= AIM OF THE TASK =
Only one stretch of the listing below is wanted. Begin at the line that has "Vintage Dolfin 90's", stop after the line that has "Mondido hjælper dig", and repeat every line in between exactly.

= RECORDED DATA =

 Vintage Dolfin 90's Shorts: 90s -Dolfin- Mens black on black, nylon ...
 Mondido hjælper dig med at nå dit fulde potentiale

...

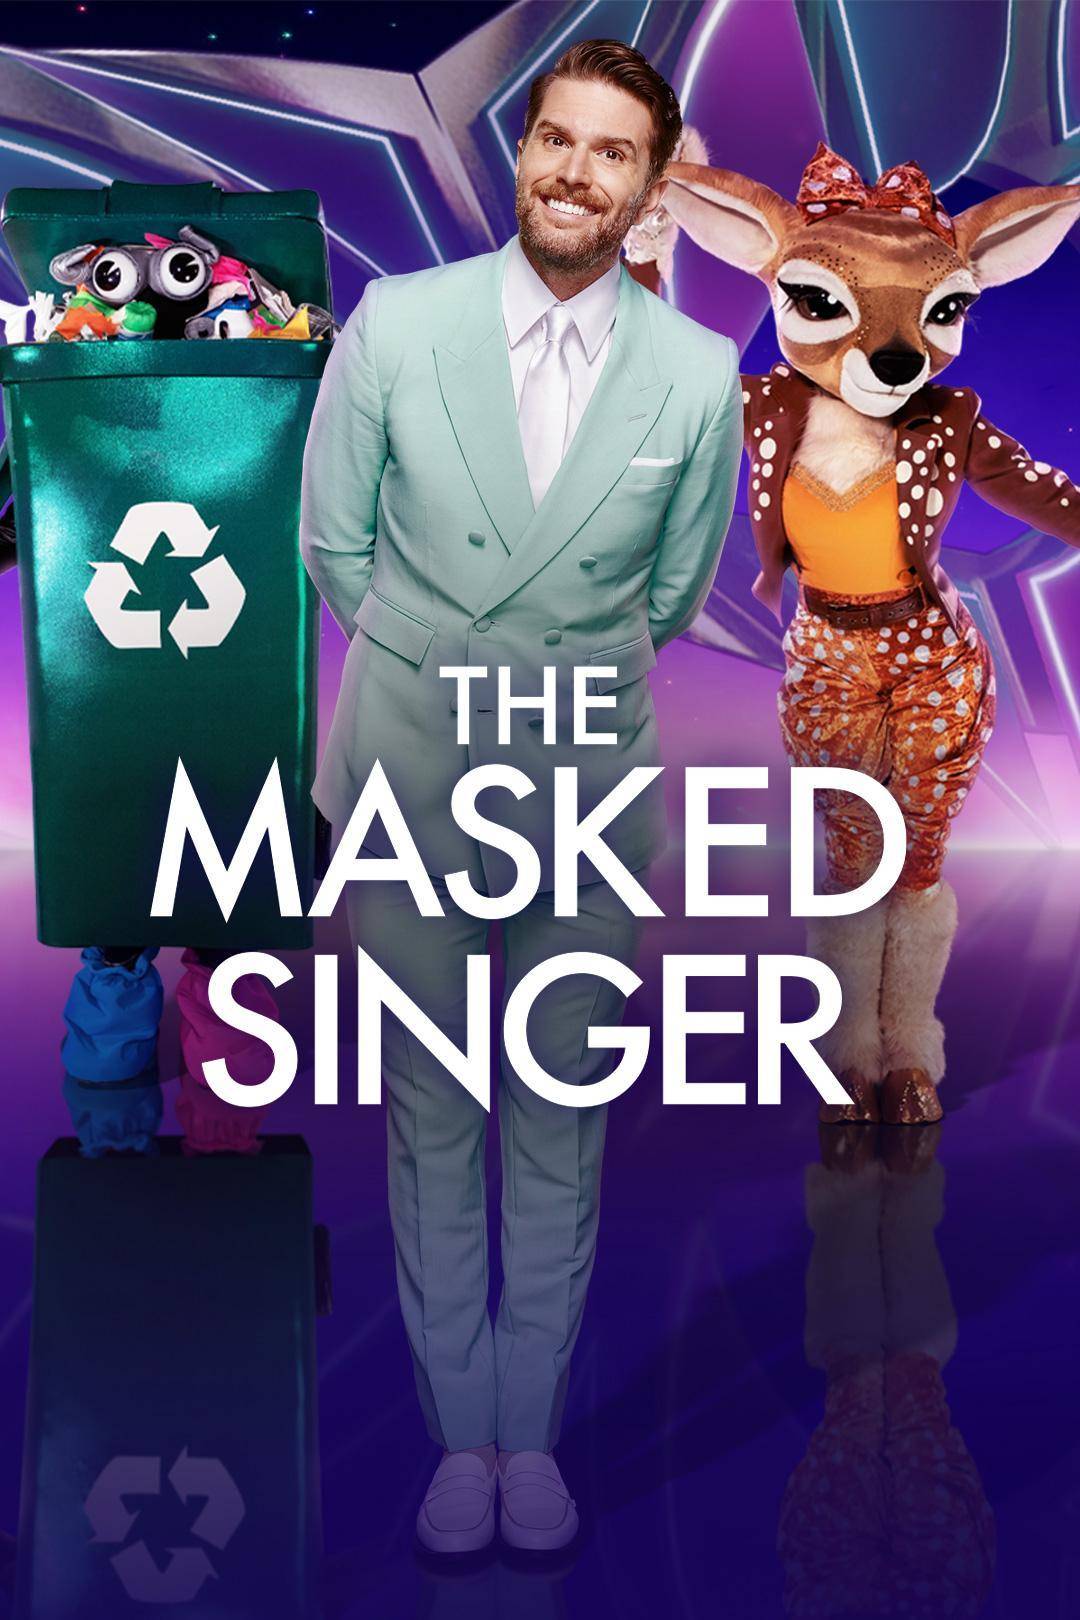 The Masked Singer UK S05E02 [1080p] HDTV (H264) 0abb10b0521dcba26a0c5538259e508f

--

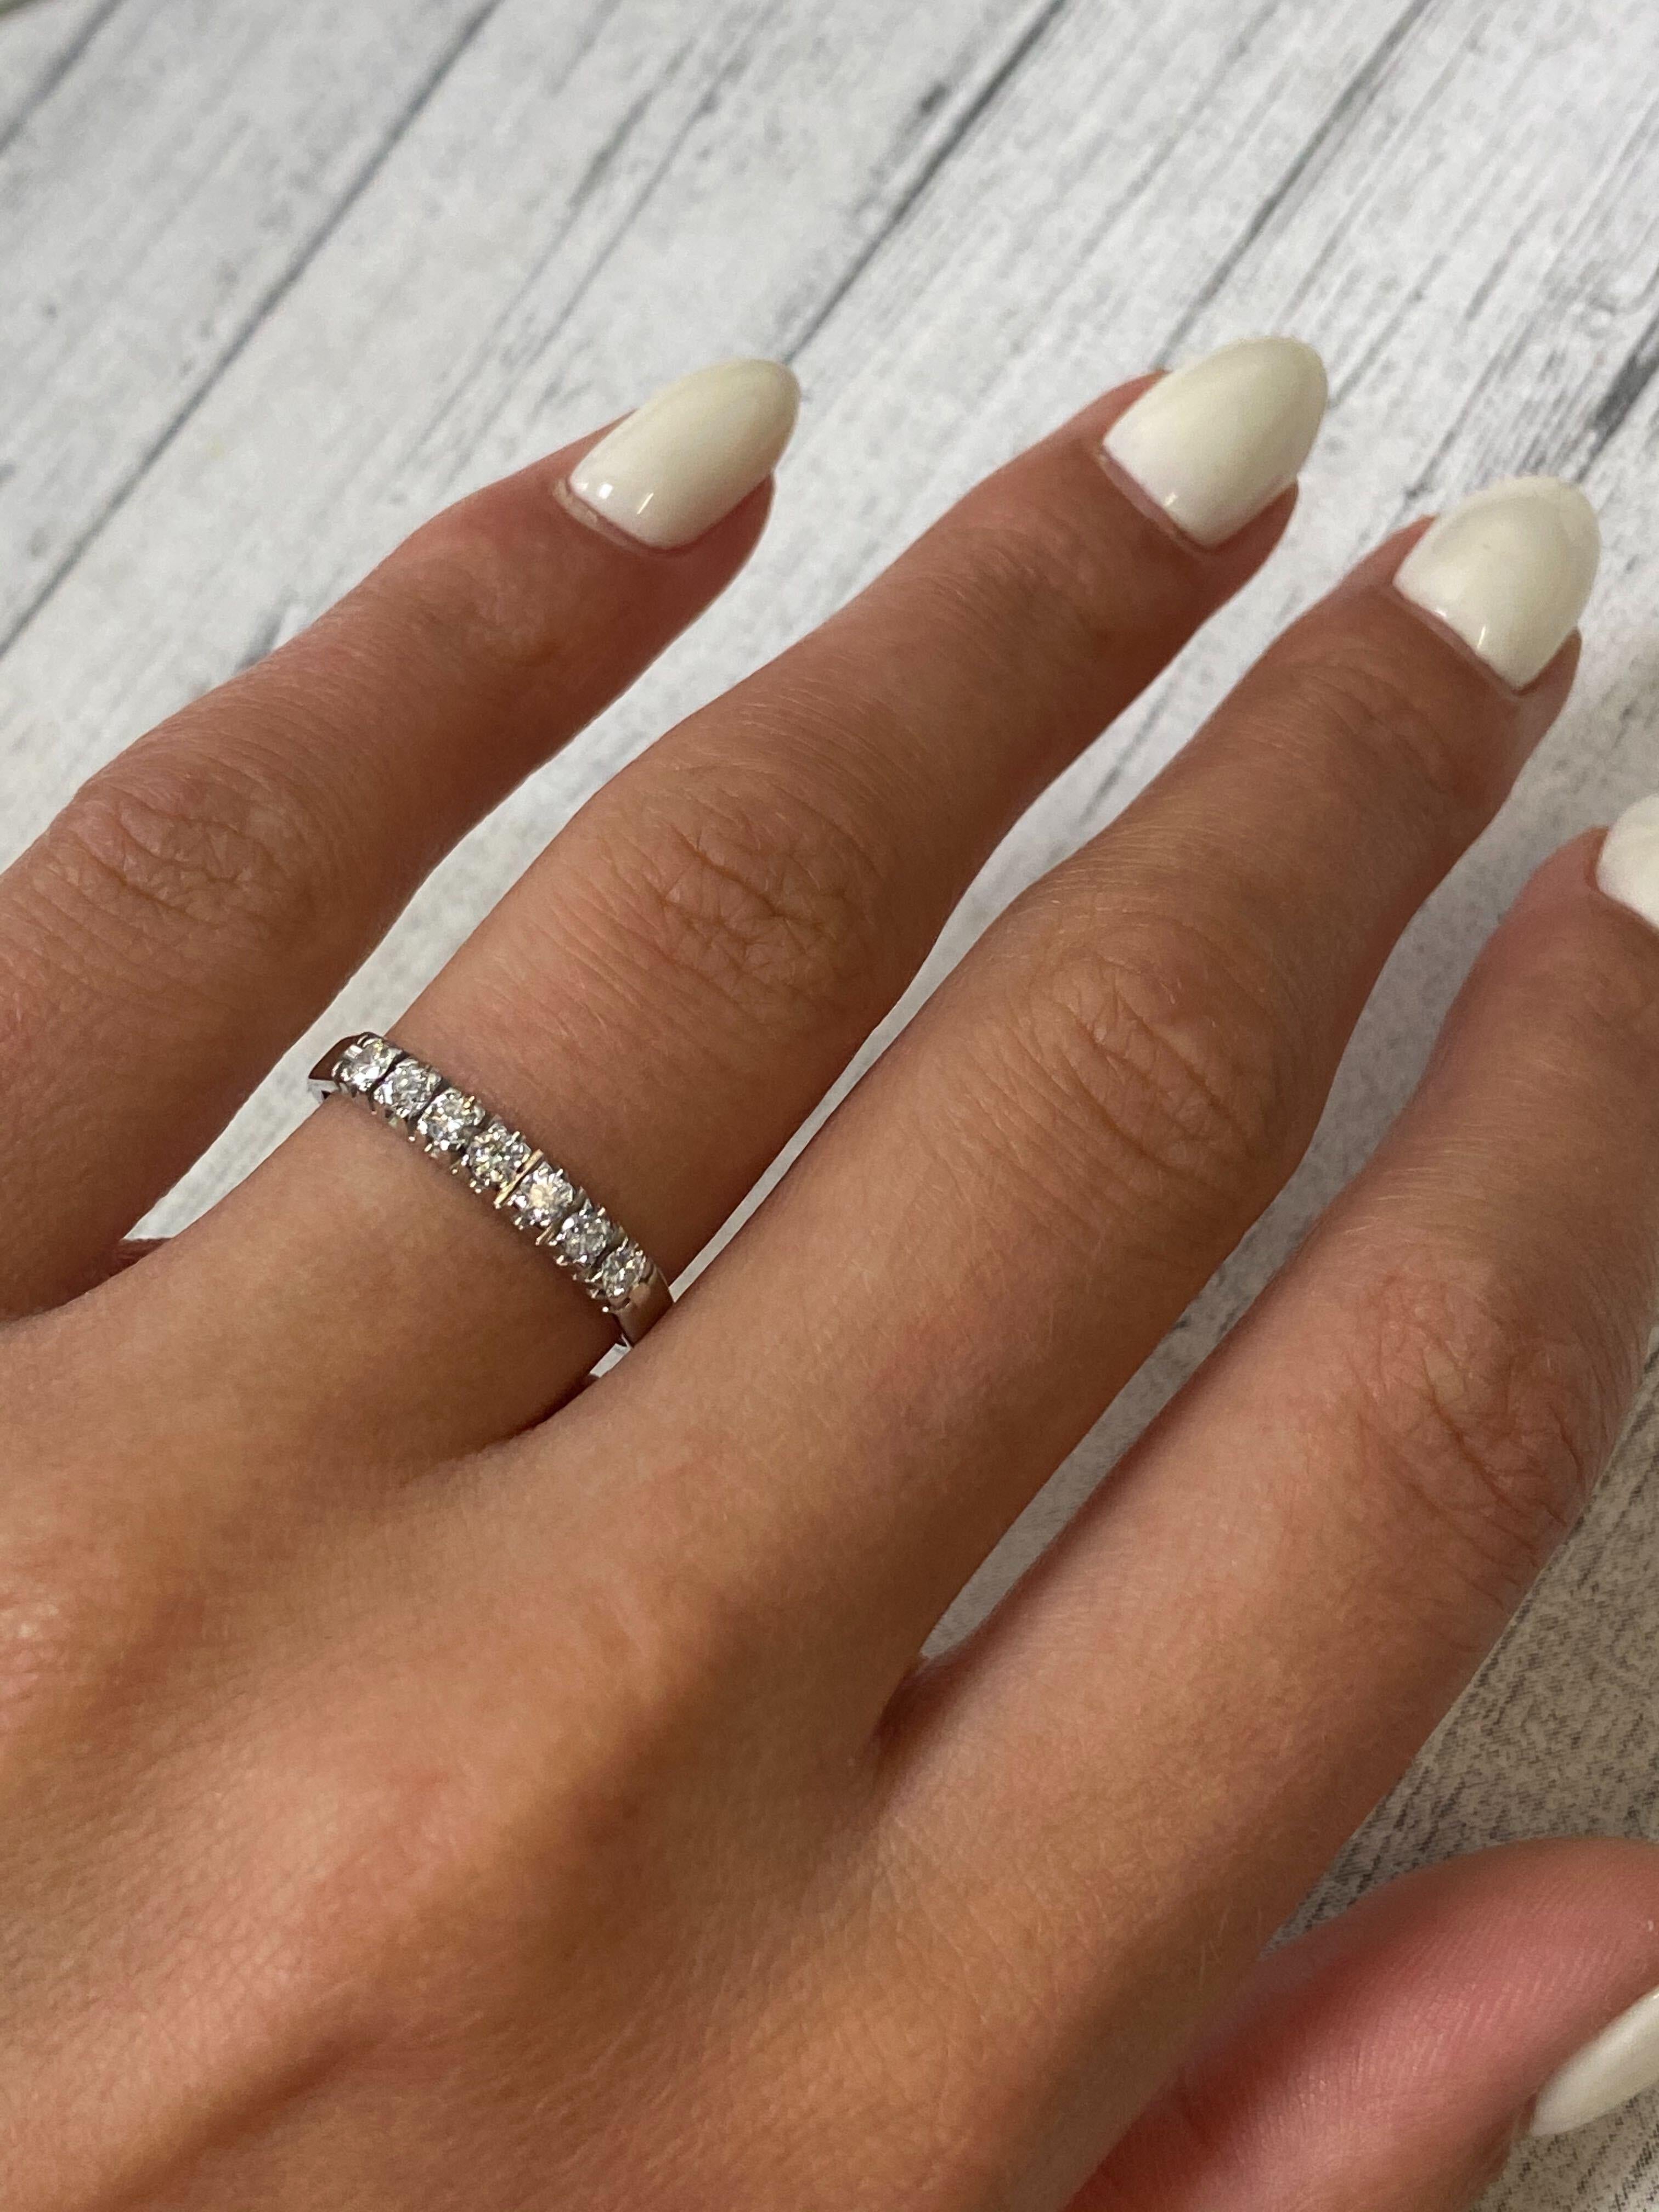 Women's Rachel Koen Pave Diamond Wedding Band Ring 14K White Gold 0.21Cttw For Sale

= RESULT OF THIS EXERCISE =
 Vintage Dolfin 90's Shorts: 90s -Dolfin- Mens black on black, nylon ...
 Mondido hjælper dig med at nå dit fulde potentiale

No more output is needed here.